* DATA BELOW *
════════════════
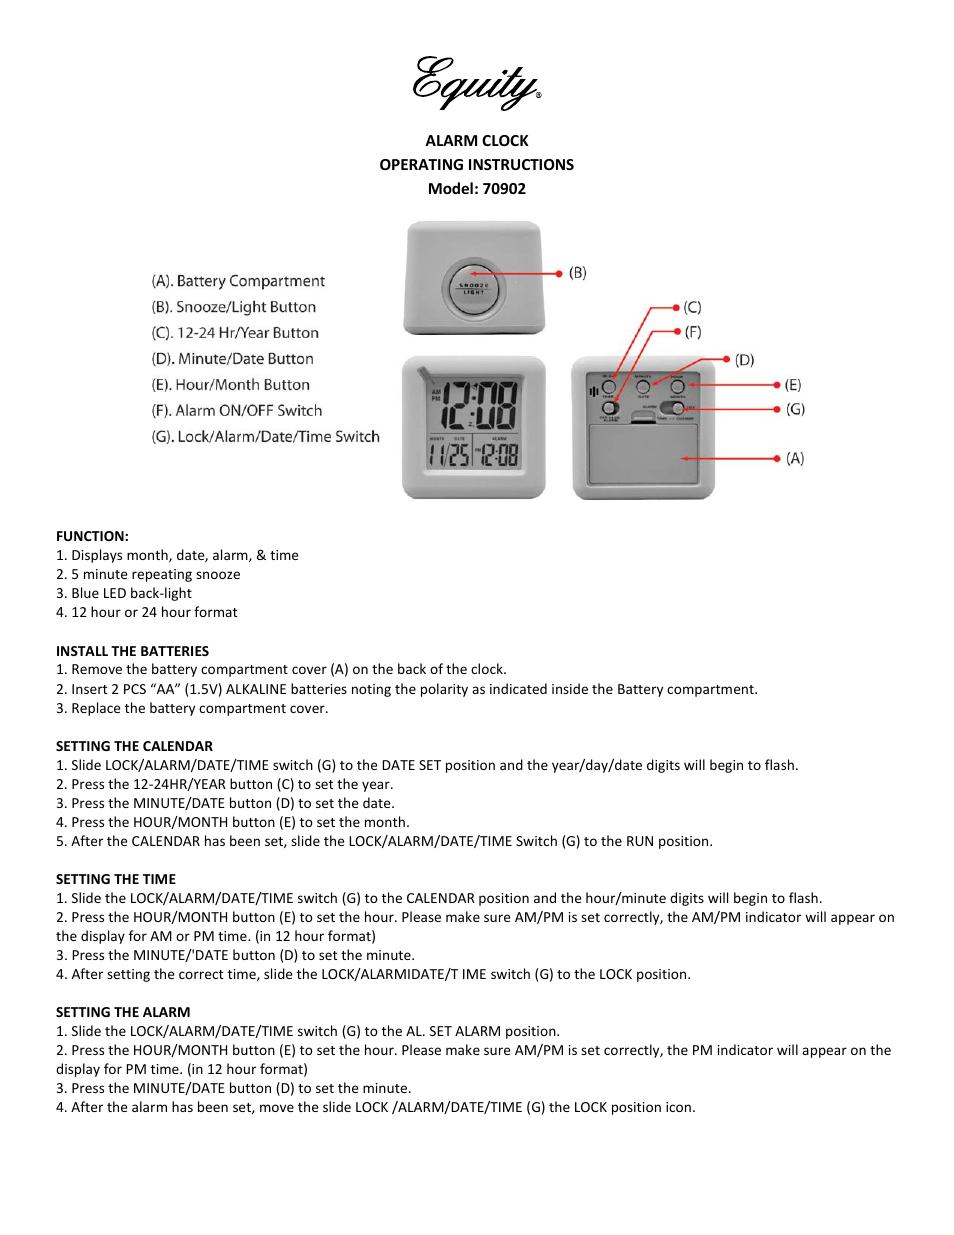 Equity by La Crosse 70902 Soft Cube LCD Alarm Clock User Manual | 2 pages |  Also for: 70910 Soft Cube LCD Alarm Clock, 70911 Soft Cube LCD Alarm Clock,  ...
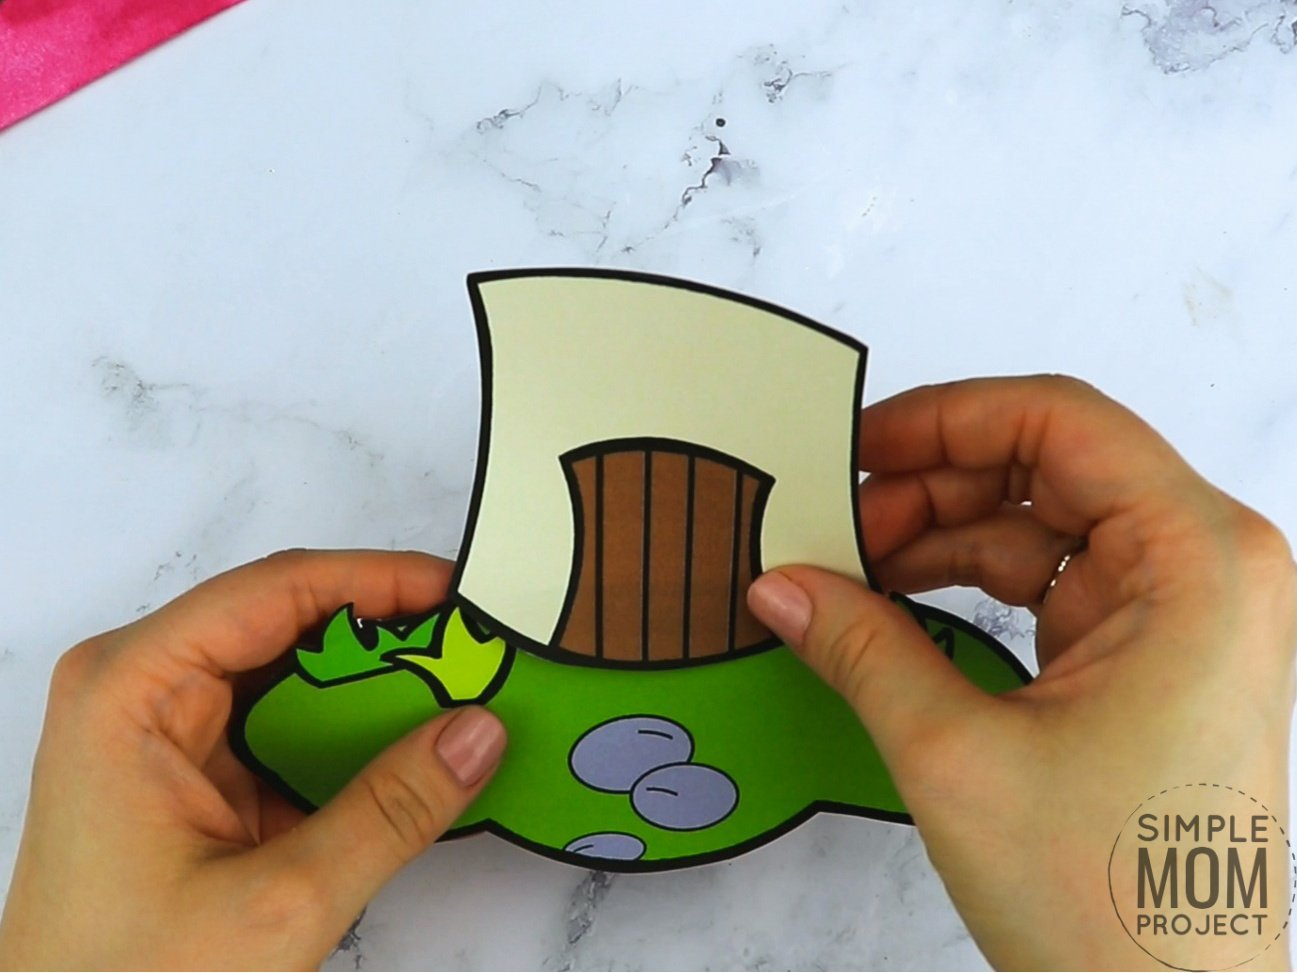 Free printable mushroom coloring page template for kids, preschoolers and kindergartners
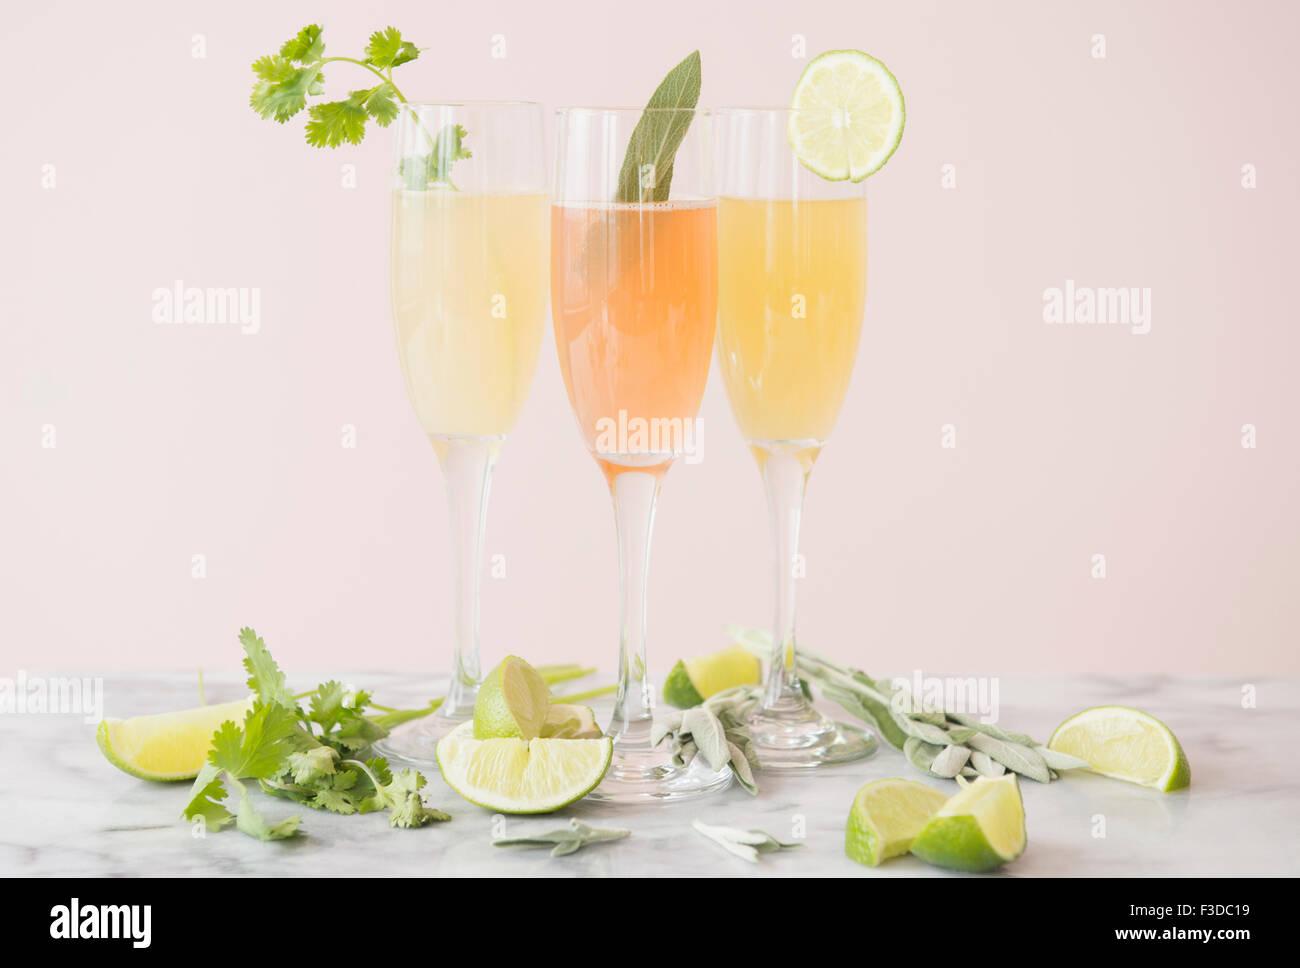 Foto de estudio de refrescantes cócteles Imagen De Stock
════════════════
* EXERCISE DIRECTIONS *
Set down the material exactly as given, but print none of the pictures.

* EXERCISE OUTPUT *
 Equity by La Crosse 70902 Soft Cube LCD Alarm Clock User Manual | 2 pages |  Also for: 70910 Soft Cube LCD Alarm Clock, 70911 Soft Cube LCD Alarm Clock,  ...
 Free printable mushroom coloring page template for kids, preschoolers and kindergartners
 Foto de estudio de refrescantes cócteles Imagen De Stock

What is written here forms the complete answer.